# Trailer Bearing Grease...how often...



## MariettaMike (Jun 14, 2012)

I change mine twice a year and I wet launch/load in saltwater over 70 times/year . Been using automotive grease rated for disc brakes to get higher temperature ratings. This stuff.

http://www.autozone.com/greases-and-gear-oil/lubricant-grease/valvoline-14-1-oz-399-728-g-gm-chrysler-european-and-japanese-vehicles-multipurpose-grease-tube/54182_0_0/

NO marine grease. Marine grease has parrafin (wax) in it that just leaks out when it gets warm while making long trips on hot summer days.


----------



## devrep (Feb 22, 2009)

jeez once a month is overkill when submerging the bearings let alone dry launching. I have 2 skiffs, one is too big to dry launch, I jack up the wheels about every 2 to 3 months and spin them. If they feel good I leave them alone.


----------



## RunningOnEmpty (Jun 20, 2015)

I just checked mine today and the manufacture forgot to add grease after installing the bearing buddies.


----------



## MariettaMike (Jun 14, 2012)

> I just checked mine today and the manufacture forgot to add grease after installing the bearing buddies.
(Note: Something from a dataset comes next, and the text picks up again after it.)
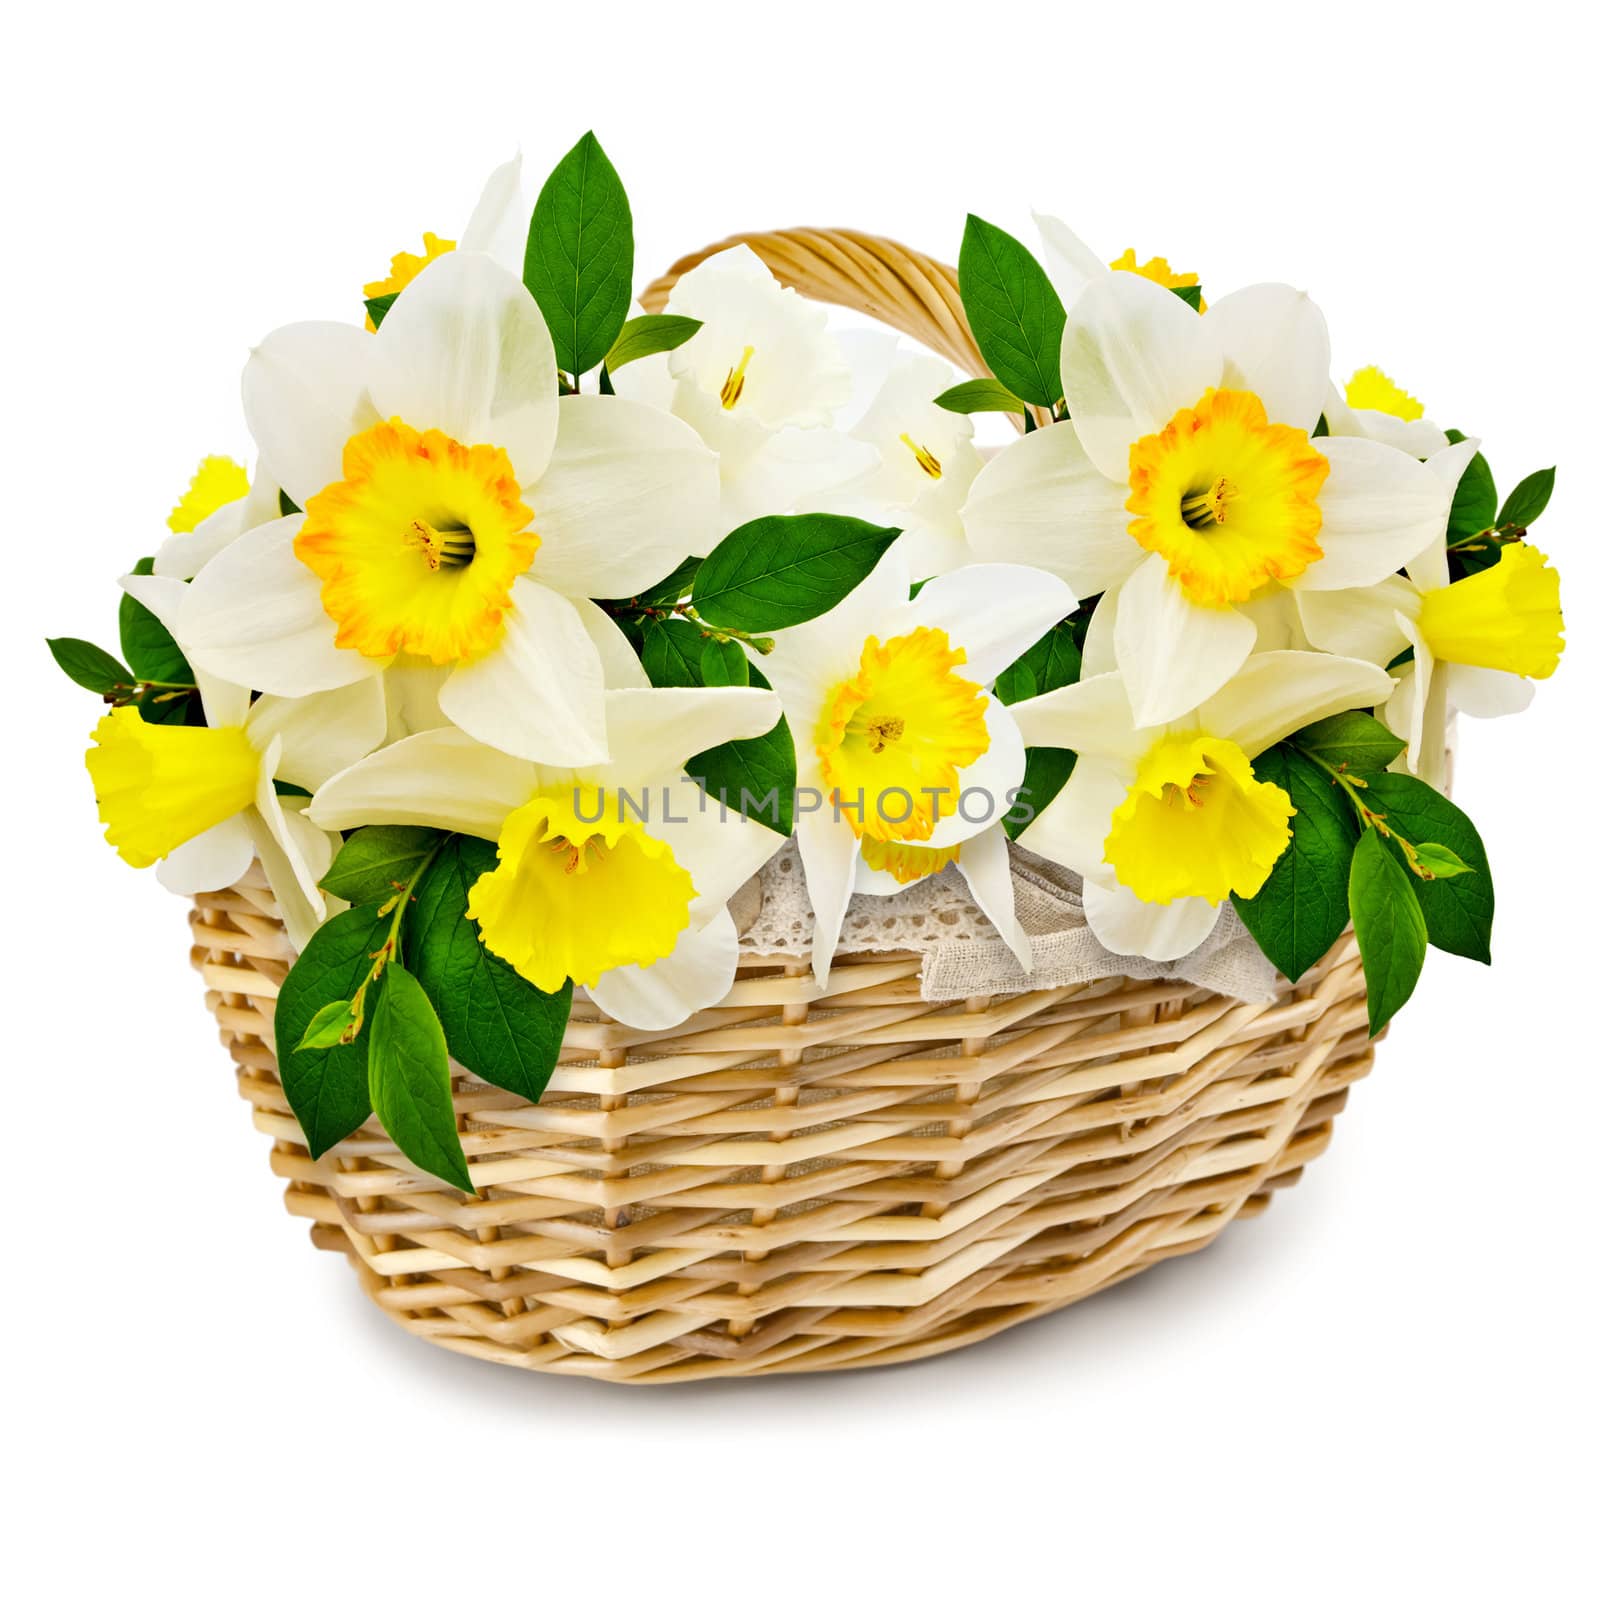 handmade wicker basket with narcissus over white
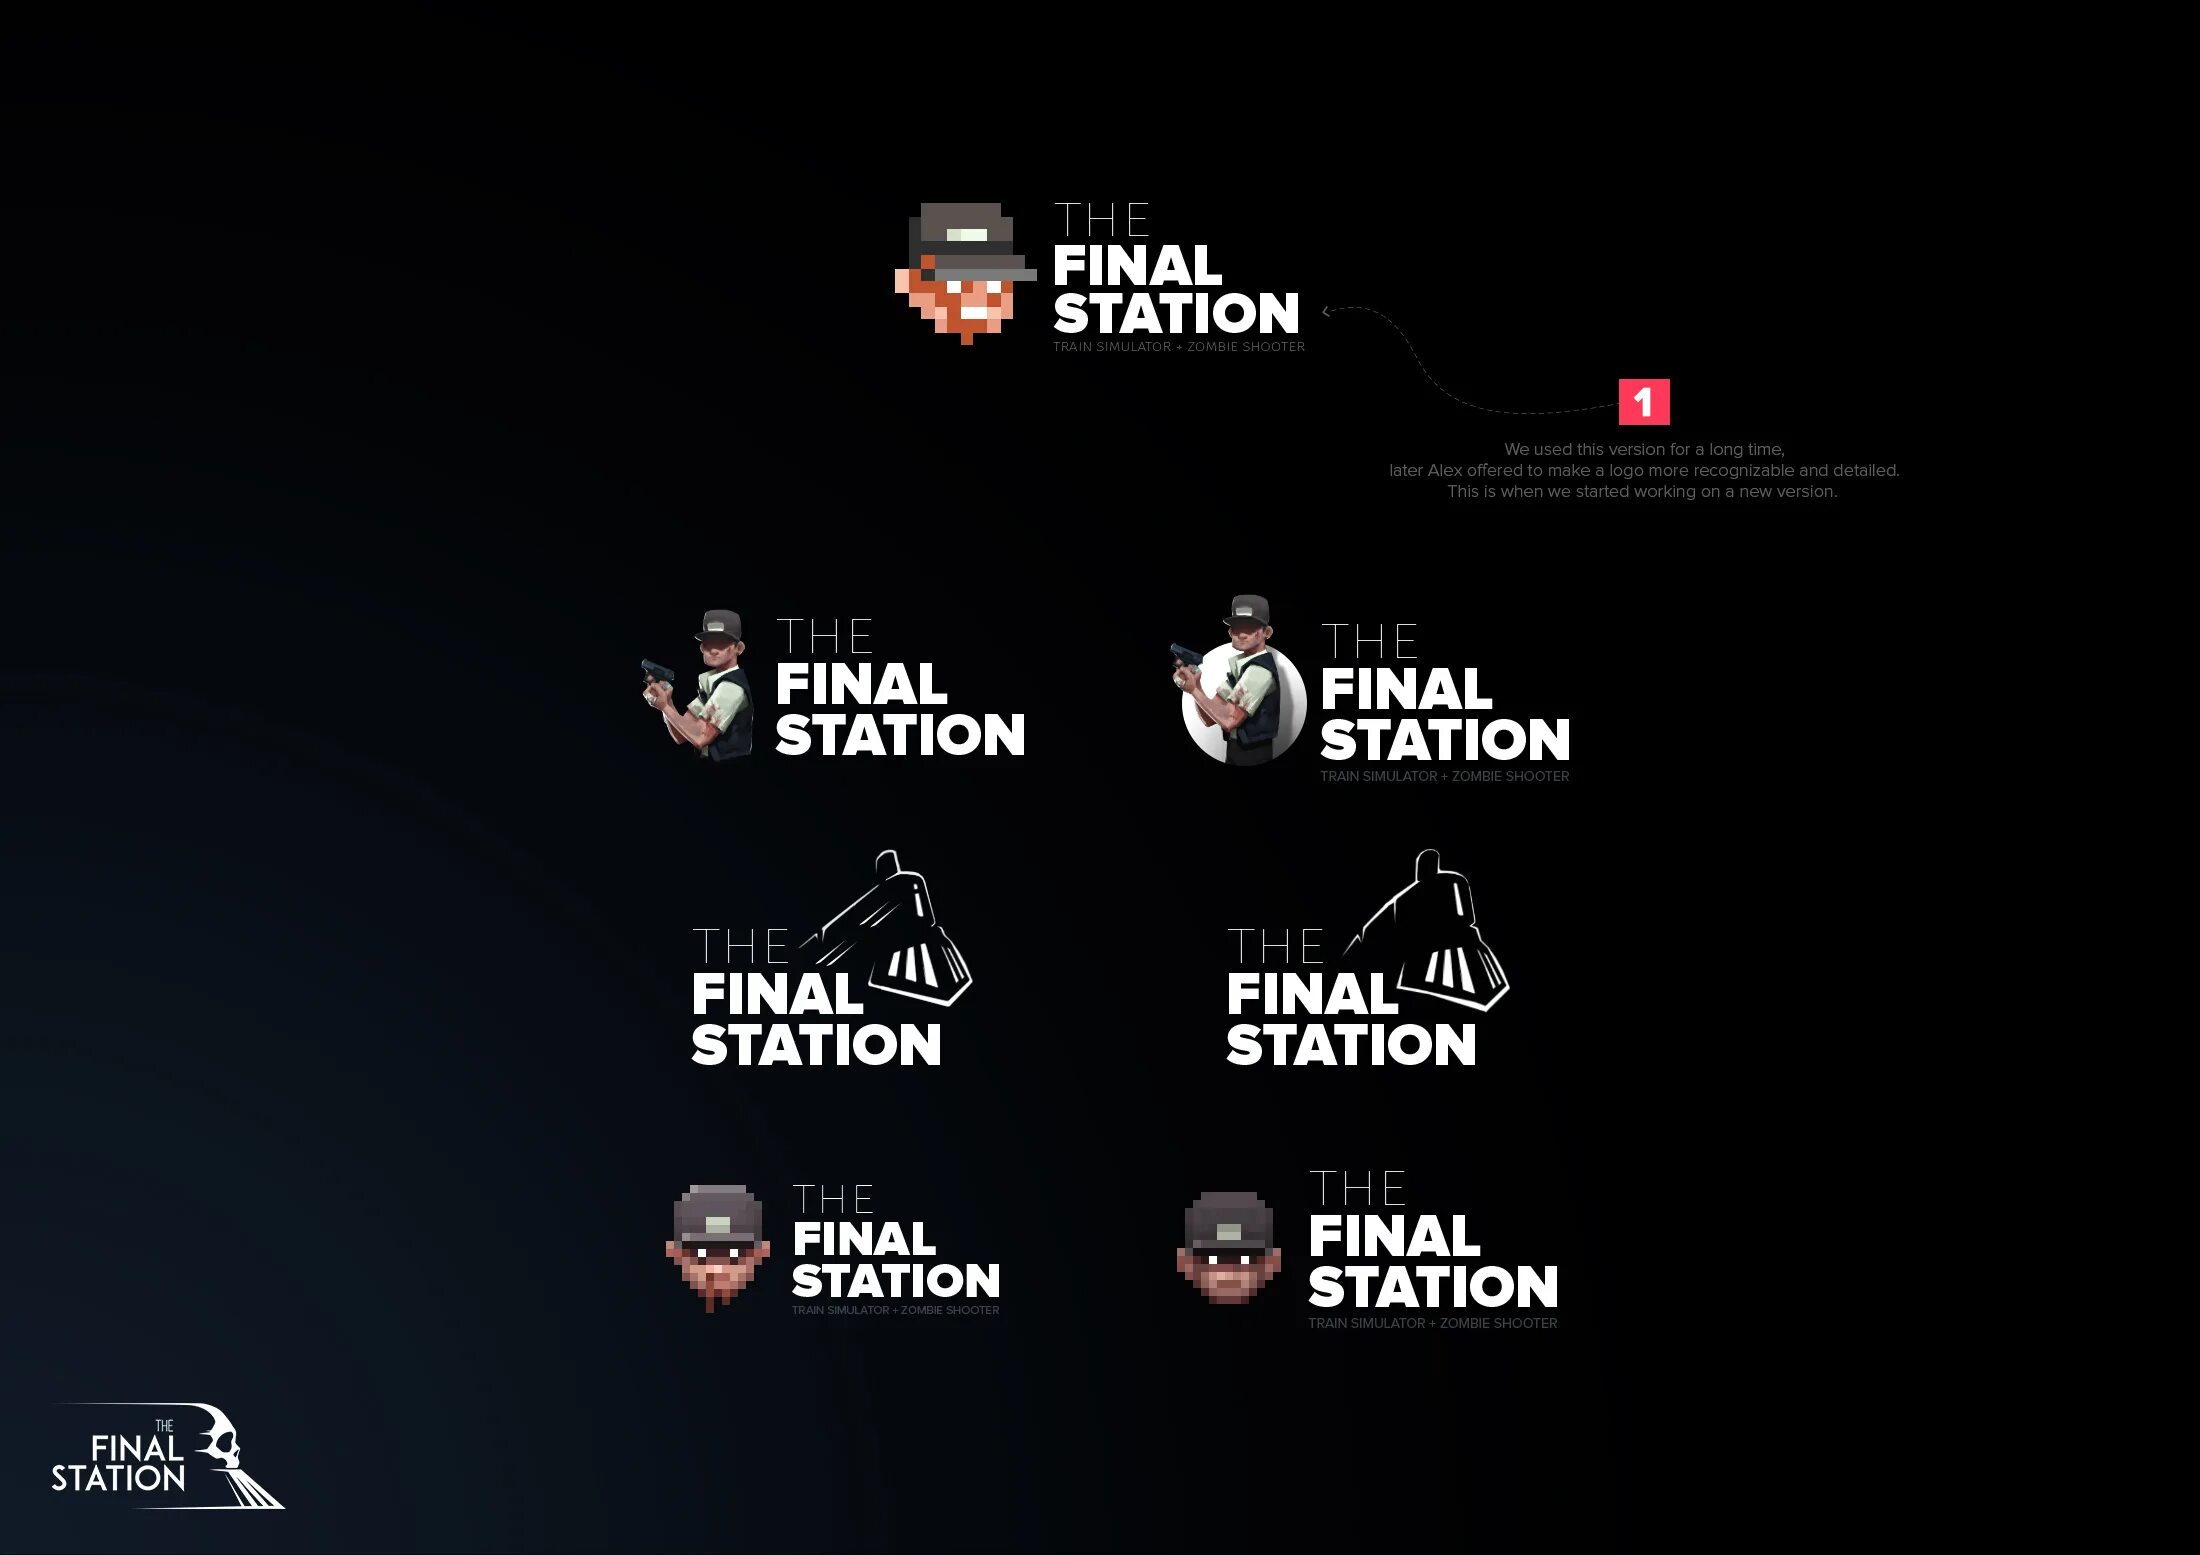 The Final Station. The Final Station артбук. The Final Station Страж. Final Station игра. The finals на андроид

Are you sure the Bearing Buddy isn't pushing the grease out? (That's why I prefer Super Lube)


----------



## Guest (Aug 2, 2015)

I can dry launch one trailer but must wet launch another. I'm pretty anal about checking bearings every trip or so, unless I've only done short runs. You'd be surprised how much water can find it's way into the wet launch trailer. I just keep pumping until the grease coming out appears moisture free. I didn't know about the wax in marine grease, I'll have to try Marietta's suggestion.


----------



## devrep (Feb 22, 2009)

http://www.microskiff.com/cgi-bin/yabb2/YaBB.pl?num=1434558928


----------



## RunningOnEmpty (Jun 20, 2015)

> > I just checked mine today and the manufacture forgot to add grease after installing the bearing buddies.
> 
> 
> 
> Are you sure the Bearing Buddy isn't pushing the grease out? (That's why I prefer Super Lube)


The seals looked clean. Really it's my own fault for not checking when I bought it new. The wheels are still tight so I'm assuming that I caught it in time.


----------



## CurtisWright (May 9, 2012)

A few pumps before a long road trip and again on the way home. 

a few pumps a monthish going to my local ramps and wet launching.


----------